Hansen v. A.H. Robins, Inc., 113 Wis.2d 550, 560, 335 N.W.2d 578,
Footnote: 12This is the rule nationally, as well as in West Virginia. See, e.g., Snow v. A.H. Robins Co., Inc., 165 Cal.App.3d 120, 211 Cal. Rptr. 271 (1985).
Footnote: 13Fraudulent concealment would include concealment of the injury itself or the identity of the tortfeasor.
Footnote: 14Examples of lack of comprehension of injury would include a piece of surgical equipment left in a patient that is not discovered until several years later, exposure to hazardous chemicals (such as asbestos or Agent Orange) the effects of which were only detected twenty years later.
In the products liability area, lack of comprehension of injury includes (1) that the plaintiff has been injured, (2) the identity of the maker of the product, and (3) that the product has a causal relation to the injury.
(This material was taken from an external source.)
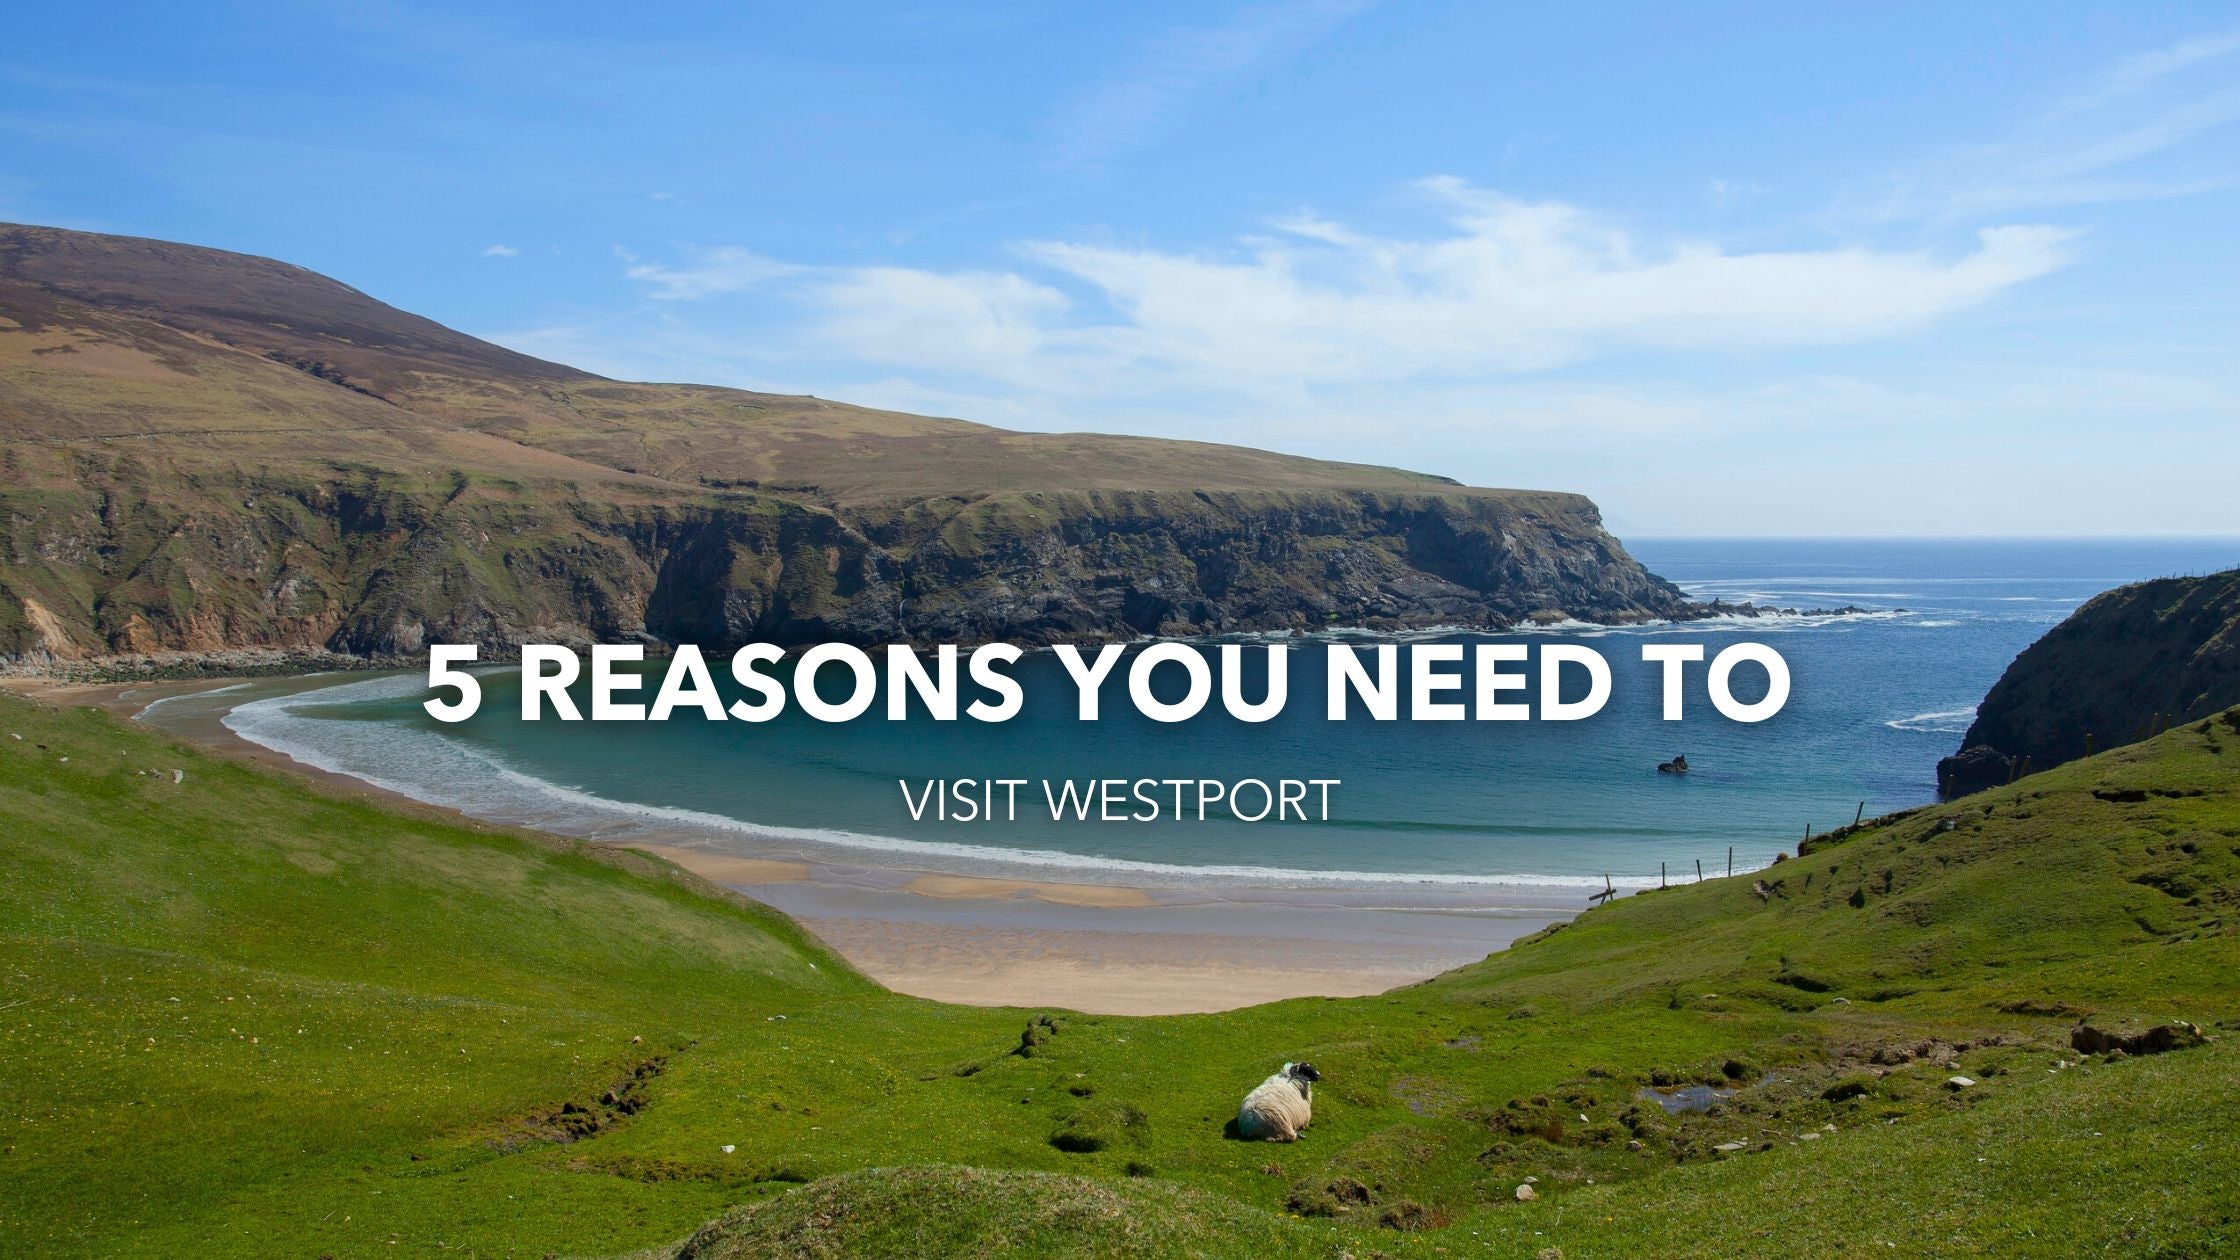 5 Reasons You Need to Visit Westport

Syl. pt. 1, Hickman v. Grover, 178 W.Va. 249, 358 S.E.2d 810 (1987).
Footnote: 15Note that we are deciding today only the applicability of the "discovery rule" and the statute of limitations with respect to claims against Mr. Marcum and Mr. Hager, not as against Mr. Jefferson. Unlike Mr. Marcum and Mr. Hager who took no steps to conceal their actions, Mr. Jefferson has gone into hiding and made it difficult for Mr. Cart to pursue his claims against Mr. Jefferson. Therefore, it is quite possible that a suit against Mr. Jefferson would be successful.